Hugging his knees tighter, Angel shut his eyes. "But the best part... the part I always think about..."
He took a deep breath.
"We were goin' ta sleep and... fuck, it's so dumb, but he leaned in and kissed me on the forehead. Not fa any reason or nothin', just... because. He was smilin', and it was... nice. And sometimes he's still nice, ya know. Looks after me in some kinda way. But... he's never done that again. The kiss, I mean."
The sigh that escapes the spider is almost a laugh, a mockery of his own sordid circumstances, his irrational attachment to such a trivial gesture. "Always find myself thinkin' about it," he smiled grimly. "About why he did it. Why he never did it again. Hah, maybe it don't mean nothing. That'd hurt the most."
"I don't, though. Love him," Angel heaved the words out of him as though they had been weighing him down for decades. Perhaps they had. "I thought I did. Still think I mighta, once. Maybe. Before he... before this." He gestured vaguely to himself, to the pitiful scenario he and Vox had found themselves ensnared in.
"I dunno what it's supposed ta feel like." This admission had his voice down to a whisper, cracked and splintered as the face of the man sat beside him.
Finally, he braved the task of actually looking up at the Media Demon, returning his own question.
"What's your favourite memory of him?"
Usually, Vox's powers were something Angel could very well avoid, should he need to.

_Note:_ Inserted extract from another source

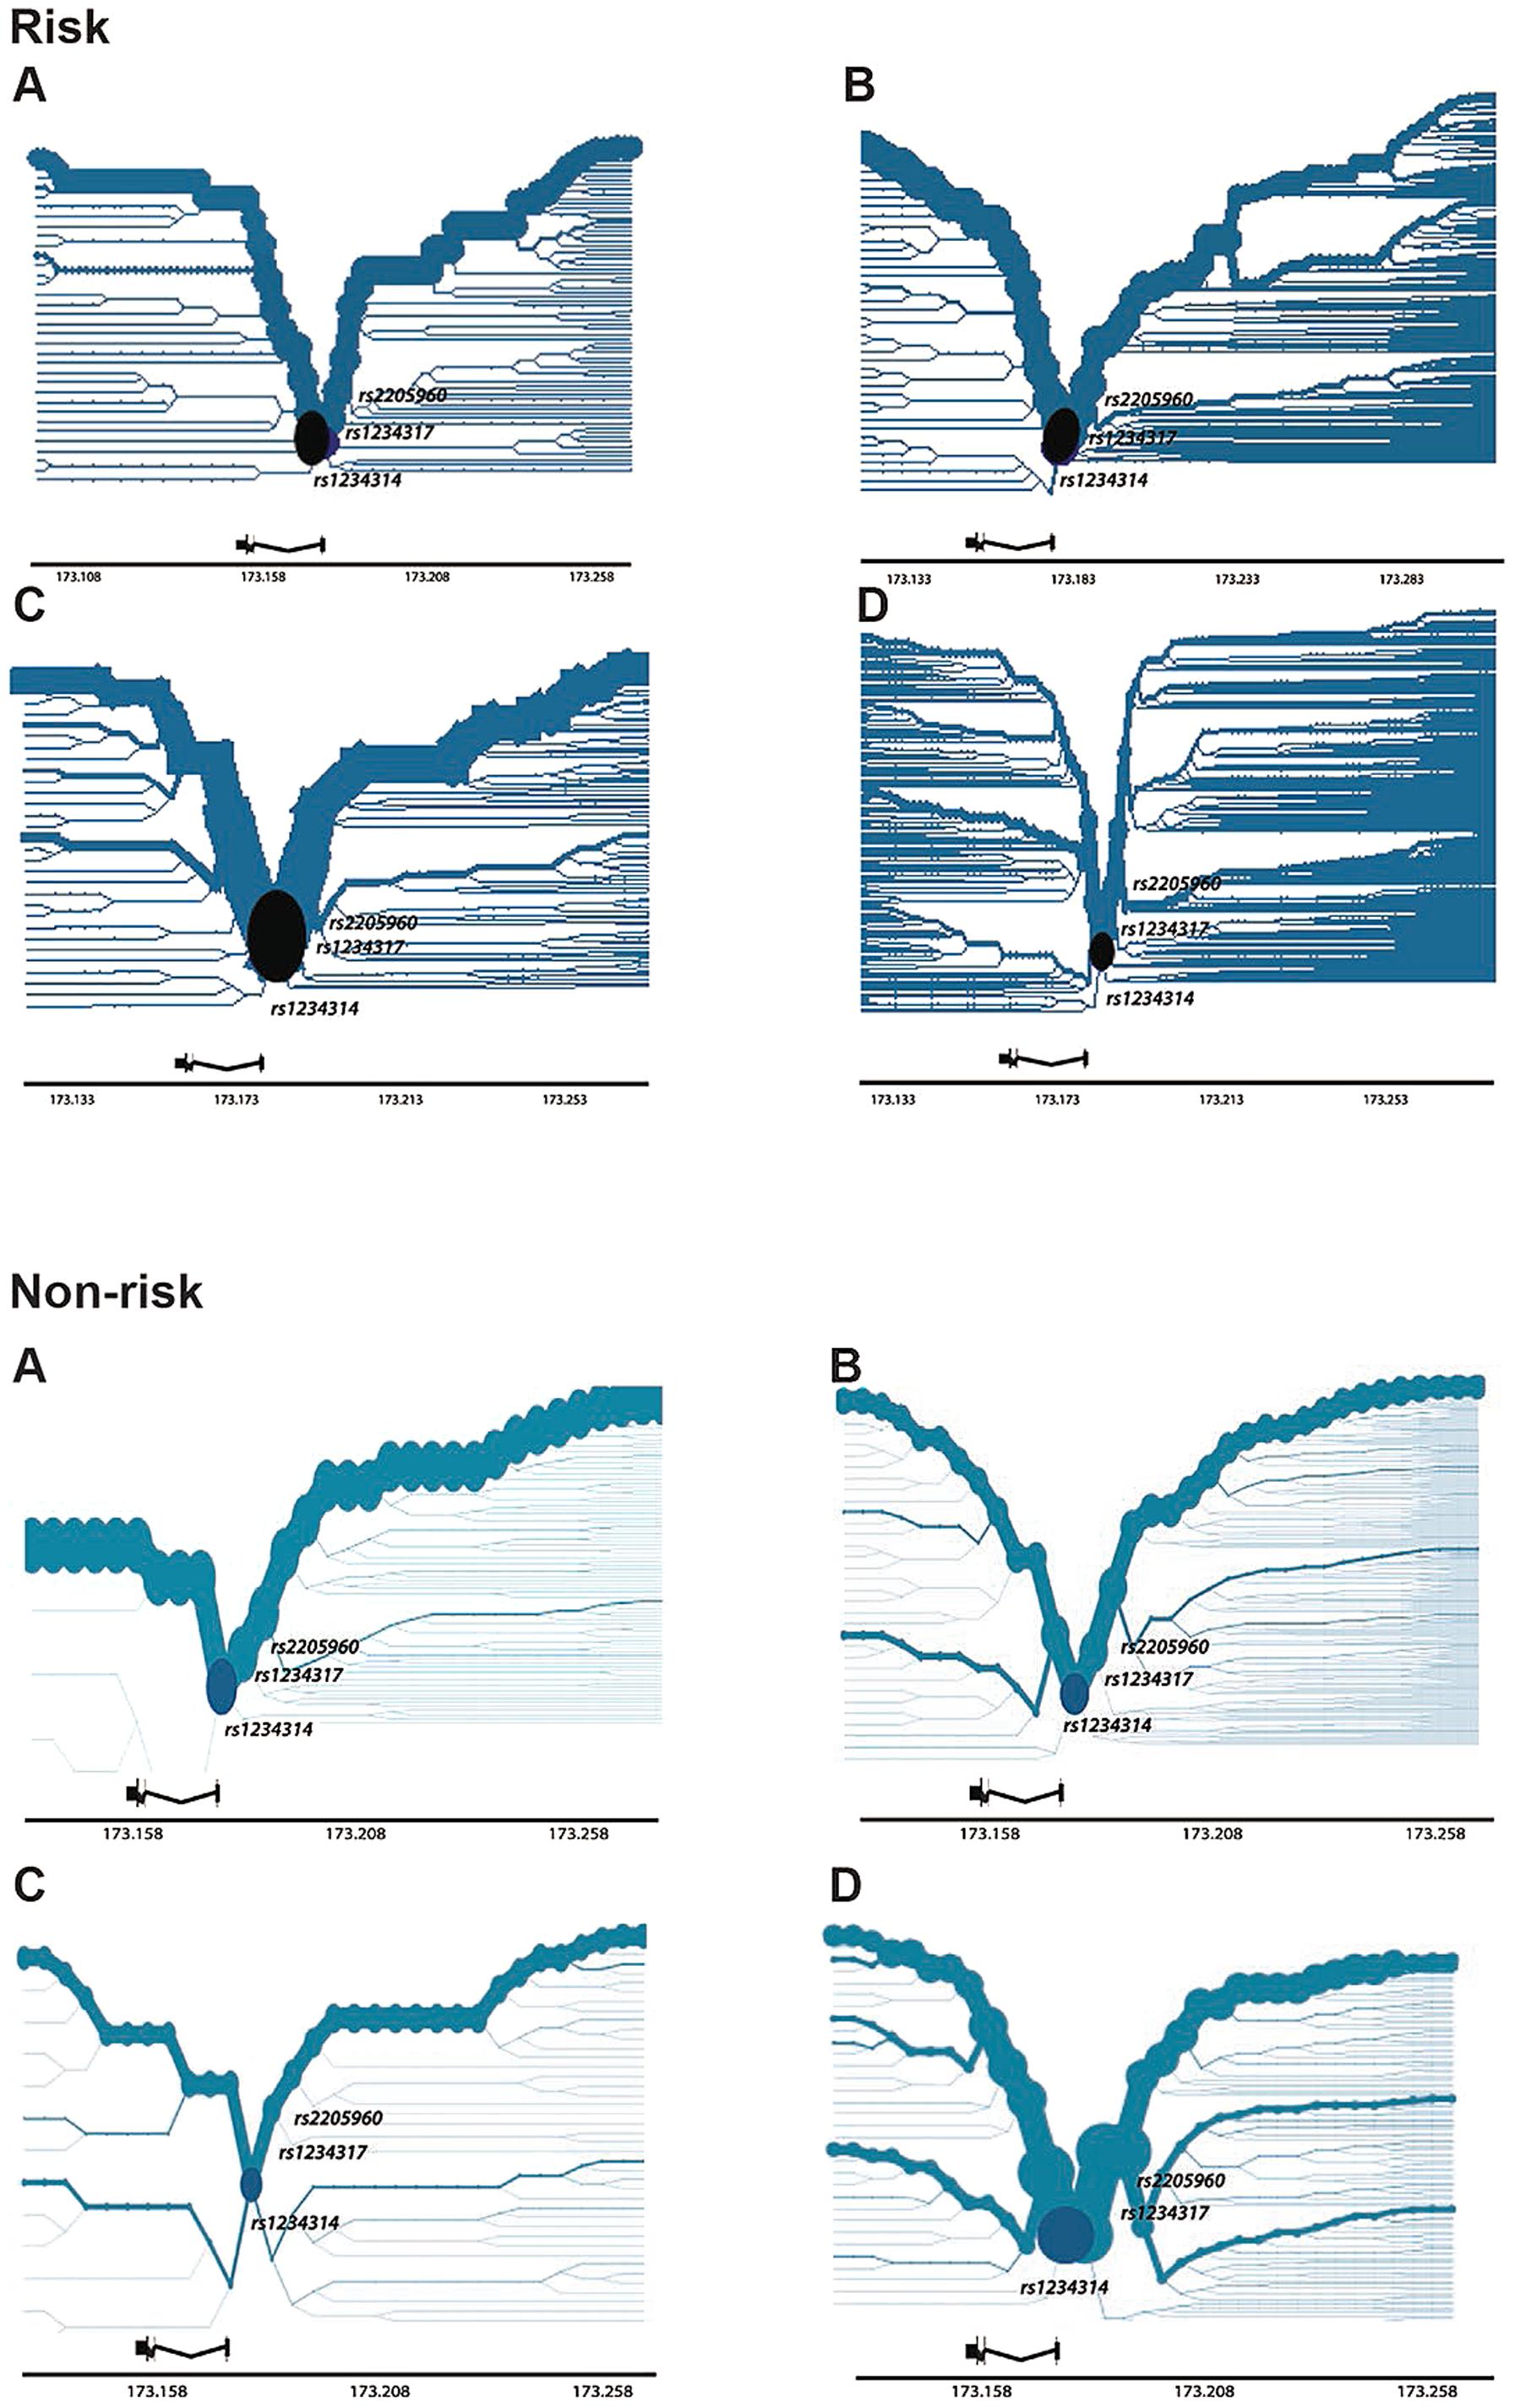 Haplotype Bifurcation Diagrams of <i>TNFSF4<sub>risk</sub></i> and <i>TNFSF4<sub>non-</sub></i><sub><b>risk</b></sub> for Four Populations.

Living with the Vees, he had learned what to look out for, what small mannerisms or sharp remarks might indicate that the Overlord was on the verge of invoking his mind control abilities. It wasn't something he commonly used on Angel - Vox barely paid him enough mind to warrant using such a tactic on him, but under specific circumstances, he had been known to use his influence.
Angel knew when to look away, to shut his eyes so as to not get caught in the thrall of his televisual hypnosis. He knew the signs to look out for. But now? The media demon's surge of anger had caught him entirely off guard, as did the split second of limp, mind-numbing catatonia that captured him. It was only for a moment that he was held in that listless, submissive prison, before he experienced a rude awakening in the form of a sob.
He lurched back into full conciousness with dizzying force. Did Vox just... was he crying? He had to still be in the trance. There was no way he was seriously watching the esteemed Media Overlord, leader of the Vees-
Vox choked and gasped, face in his hands.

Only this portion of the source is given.